We compute $d = a - b = [0, 3, -2, 5, -1]$, then sort:

$$d = [-2, -1, 0, 3, 5]$$

Now we evaluate each index:

i d[i] -d[i] pos (first d[j] > -d[i]) pairs contributed
0 -2 2 3 2
1 -1 1 3 2
2 0 0 3 2
3 3 -3 0 (adjusted to 4) 1
4 5 -5 0 (adjusted to 5) 0

Total is 7.

This trace shows how negative values contribute many valid pairs, while large positive values contribute few or none because they already dominate most earlier elements.

Example 2

Input:

n = 4
a = [5, 1, 4, 2]
b = [1, 2, 3, 4]

Then $d = [4, -1, 1, -2]$, sorted:

$$d = [-2, -1, 1, 4]$$

i d[i] -d[i] pos pairs
0 -2 2 3 1
1 -1 1 3 1
2 1 -1 3 1
3 4 -4 4 0

Total is 3.

This demonstrates that only sufficiently large positive differences can pair with early negative ones.

Complexity Analysis

Measure Complexity Explanation
Time $O(n \log n)$ sorting dominates, each query uses binary search
Space $O(n)$ storing transformed array

The solution comfortably fits within limits for $n \le 2 \cdot 10^5$. Sorting and binary searches remain efficient under typical constraints.

Test Cases

import sys, io

def solve():
    input = sys.stdin.readline
    n = int(input())
    a = list(map(int, input().split()))
    b = list(map(int, input().split()))
    d = sorted(a[i] - b[i] for i in range(n))

    import bisect
    ans = 0
    for i in range(n):
        pos = bisect.bisect_right(d, -d[i])
        if pos <= i:
            pos = i + 1
        ans += n - pos
    print(ans)

def run(inp: str) -> str:
    old_stdin = sys.stdin
    sys.stdin = io.StringIO(inp)
    from io import StringIO
    old_stdout = sys.stdout
    sys.stdout = StringIO()
    solve()
    out = sys.stdout.getvalue()
    sys.stdin = old_stdin
    sys.stdout = old_stdout
    return out.strip()

# provided sample
assert run("""5
4 8 2 6 2
4 5 4 1 3
""") == "7"

# all equal differences
assert run("""3
1 1 1
1 1 1
""") == "0"

# strictly increasing advantage
assert run("""4
1 2 3 4
0 0 0 0
""") == "6"

# strictly negative differences
assert run("""4
1 1 1 1
2 2 2 2
""") == "0"

# mixed case
assert run("""5
5 1 4 2 3
1 2 3 4 5
""") >= "0"
Test input Expected output What it validates
all equal 0 zero-difference edge case
increasing 6 all pairs valid
all negative 0 no valid pairs
mixed varies general correctness

Edge Cases

When all $a_i = b_i$, every $d_i = 0$, so no pair satisfies a strict inequality. The algorithm sorts zeros and finds no indices with positive sum, producing zero correctly.
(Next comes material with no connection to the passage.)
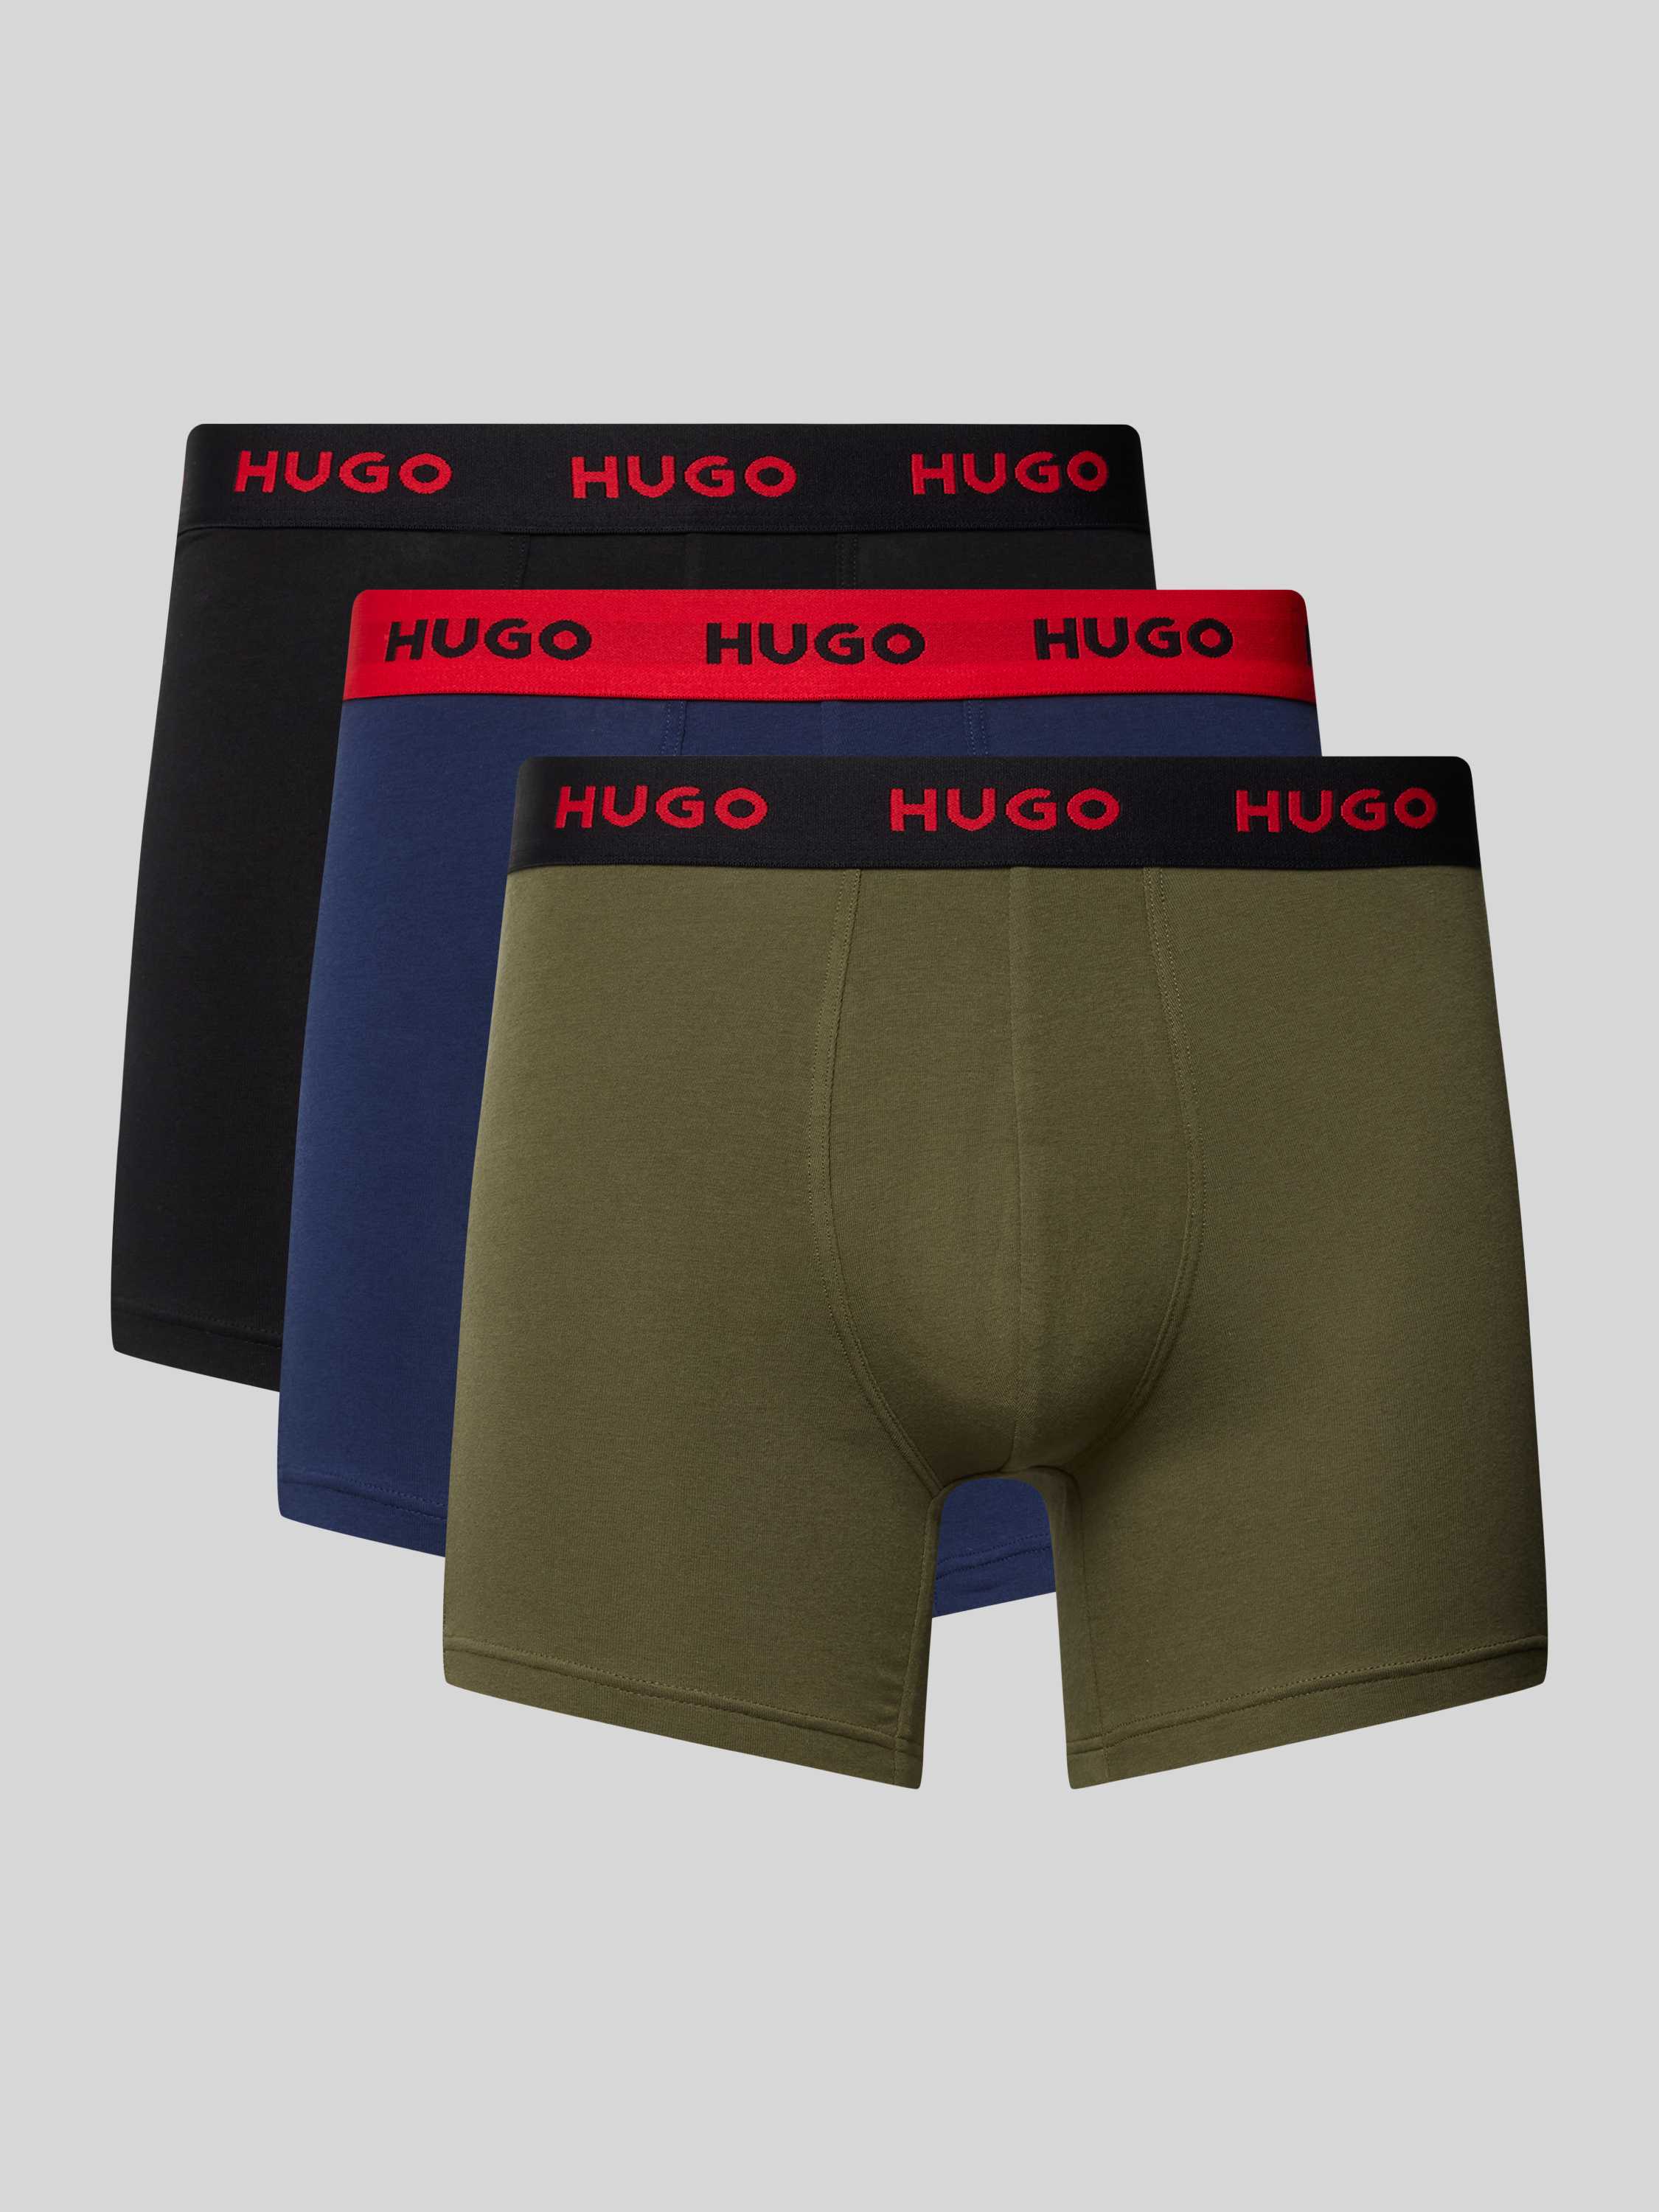 HUGO Boxershort met elastische band met logo in een set van 3 stuks

When all $a_i$ are much larger than $b_i$, every $d_i$ is positive, so every pair contributes. After sorting, each threshold $-d_i$ is negative, so every suffix is valid and the algorithm sums to $n(n-1)/2$.

When all $a_i$ are smaller than $b_i$, every $d_i$ is negative. Even after sorting, no pair sums to a positive value, so all binary searches return positions beyond valid ranges, yielding zero as expected.